I mean as an avid Lisp fan, I feel like Lisp basically answers the question of how much syntax you need in a langauge. I must admit though, not having to deal with operators precedence is really nice

  (mod (+ x (* 2 step)) width)
Also, having them if you want is nice:

  1> let ((x 3) (step 2) (width 5)) ((2 * step + x) mod width)
  2
This is TXR Lisp with auto-infix and auto-compound enabled for the REPL:

  2> *listener-auto-infix-p*
  t
  3> *listener-auto-compound-p*
  t
So we can omit the outermost parentheses, and infix syntax is automatically recognized, freely intermixed with regular Lisp, as if the (ifx ...) macro were wrapped around the input.

I've come up with a very good way of handling infix in Lisp, and documented it in a decent amount of detail as well, not just as a manual for the user but anyone wanting to implement something similar.

https://www.nongnu.org/txr/txr-manpage.html#N-BEB6083E

Regarding operators, there are 3 distinct problems.

One is to allow the use of simple mathematical symbols as names for functions, instead of allowing only alphanumeric identifiers.

Most programming languages allow only a small fixed set of symbols to be used as "operators", i.e. as function names.

The better solution is to allow any Unicode character from certain categories, e.g. "Sm" and "Po" ("Symbol, math" and "Punctuation, other"), which does not have an already assigned role in the language syntax, to be used as a function name.

Most LISP variants allow the use of various kinds of character symbols as function names.

The second problem is overloading.

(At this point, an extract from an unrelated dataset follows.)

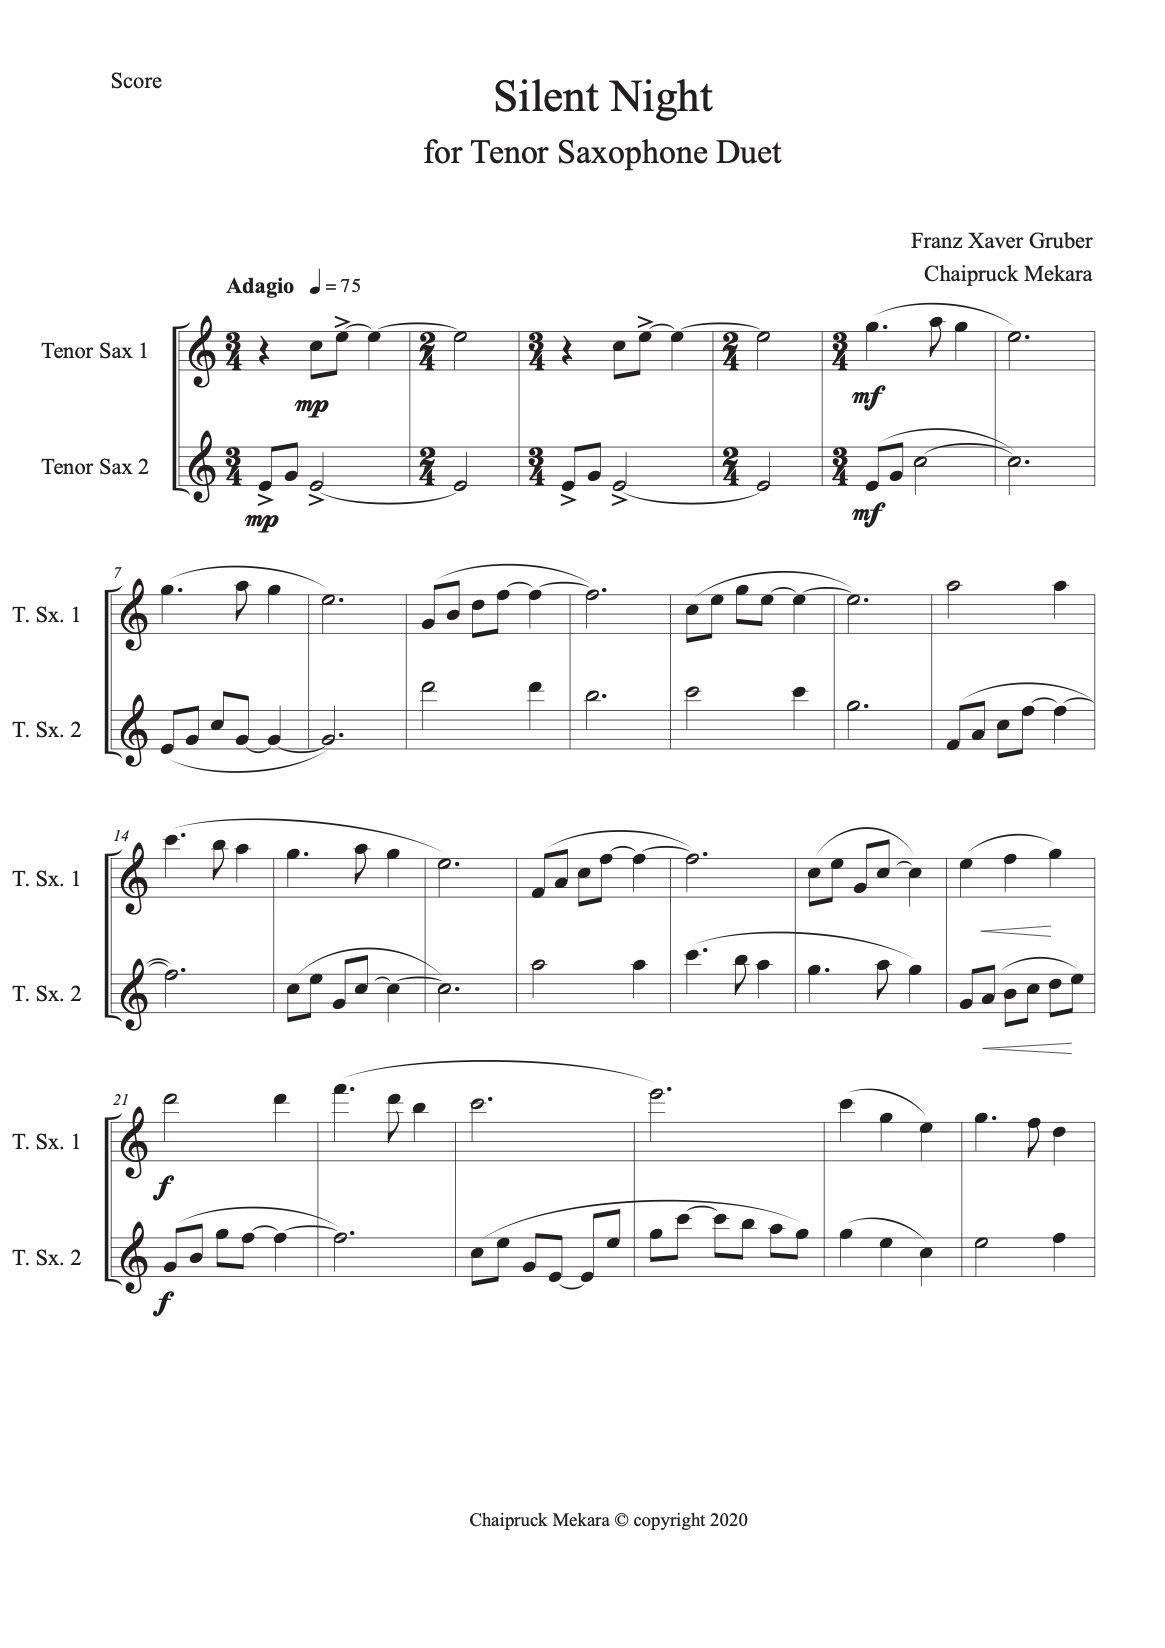 Tenor Saxophone Duet sheet music: Silent Night - ChaipruckMekara

Overloading must be treated uniformly for any kind of functions, regardless if their names are identifiers or operator symbols, i.e. not like in Java, where forbidding operator overloading was a mistake (that was an overreaction to C++, which allows the overloading of a few "operators" that are not normal functions and whose overloading should not have been allowed, e.g. the comma operator).

The overloading of operators, especially for user-defined data types is something absolutely essential for scientific and technical computing.

The majority of programmers have not been exposed to programs that contain a great amount of computations, so they are accustomed only with simple expressions that contain a few variables.

In scientific and technical computing it is very frequent to have very big expressions, which may contain a large number of operations and variables, where the variables may have various types, like complex numbers, vectors, matrices, complex vectors, complex matrices, or there may be a type system with distinct types for various physical quantities, like voltages, electric currents, capacitances and so on.

Anyone who had to write frequently such big expressions will definitely prefer, both for writing and for reading, to use overloaded operator symbols instead of long function names, which would fill most of the visual space with superfluous characters, obscuring the structure of the big expression.

The third problem is the syntax of function invocation. Most programming languages allow functions whose names are identifiers to use only prefix invocation but for some symbolic operators they allow infix invocation.

Here I also prefer the languages that do not differentiate between functions with alphanumeric names and functions with symbolic names (i.e. operators). There are languages where for any function it may be specified that it must be invoked as an infix operator, if this is desired.

Which is the best between the 3 classic solutions for expression syntax, traditional expressions with infix operators and multi-level precedence rules (like in FORTRAN and ALGOL), expressions with infix operators and a unique precedence rule for all operators (like in APL) and expressions without infix operators (like in LISP), is debatable.

Each of the 3 solutions has advantages and disadvantages, so the choice between them is a matter of personal preferences.